E a situação é mais gravosa porque, habitualmente, ainda confiamos nos jornais — baluarte sobrevivendo às saraivadas a que o slow que dançam com a política e com as empresas os vai expondo –, assim como confiávamos nos bancos, como íamos confiando nas instituições europeias e como, enfim, íamos acreditando, ainda que apenas ligeiramente e com a deferência necessária, nos nossos governos. Mas o que fazem os jornais? Com uma mão-cheia de caracteres, zás!, atiram pelo cano um trunfo na fase mais delicada do jogo.
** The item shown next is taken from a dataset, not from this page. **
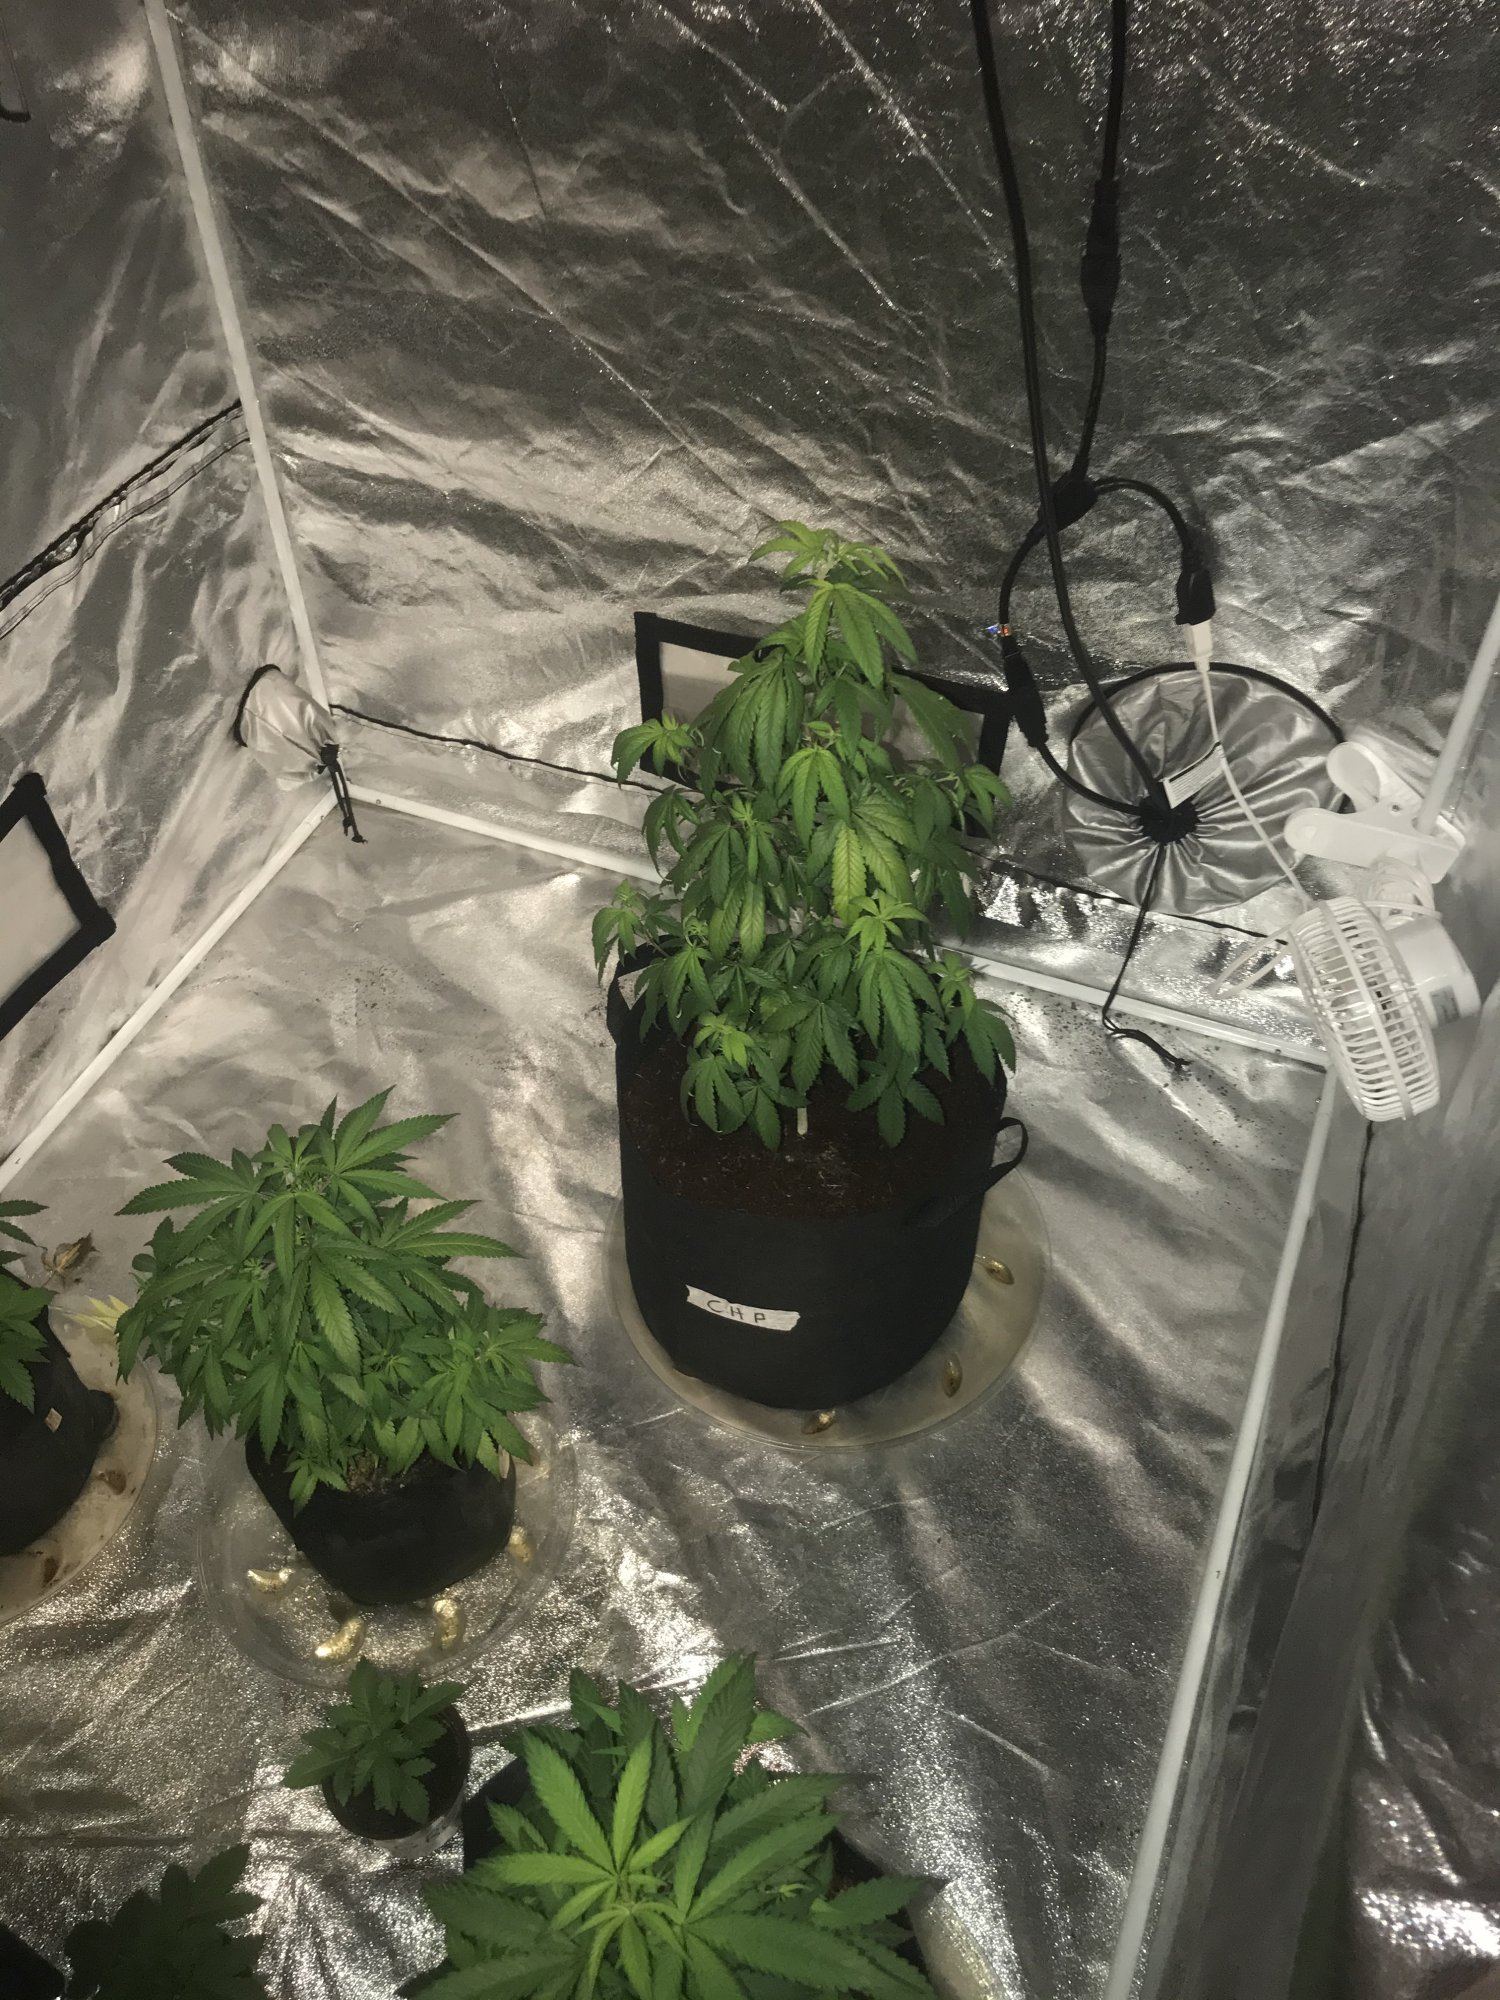 Need help moved house and my plants wont grow good 7

Se, em propaganda, uma «Grande Mentira» acaba por ser tomada pela verdade por ser repetida vezes bastantes, aos jornais basta dizê-la uma vez. Tal é a sua força, tal é o depósito de confiança que fazemos neles. E tal é o perigo. Uma vez a mentira dita basta para conspurcar todas as verdades, torná-las dúbias e pô-las em xeque, da mesma maneira como uma cápsula de cianeto dentro de um saco de arroz chega para tornar todo o saco nocivo, ameaçador, assustador e impossível de aceitar.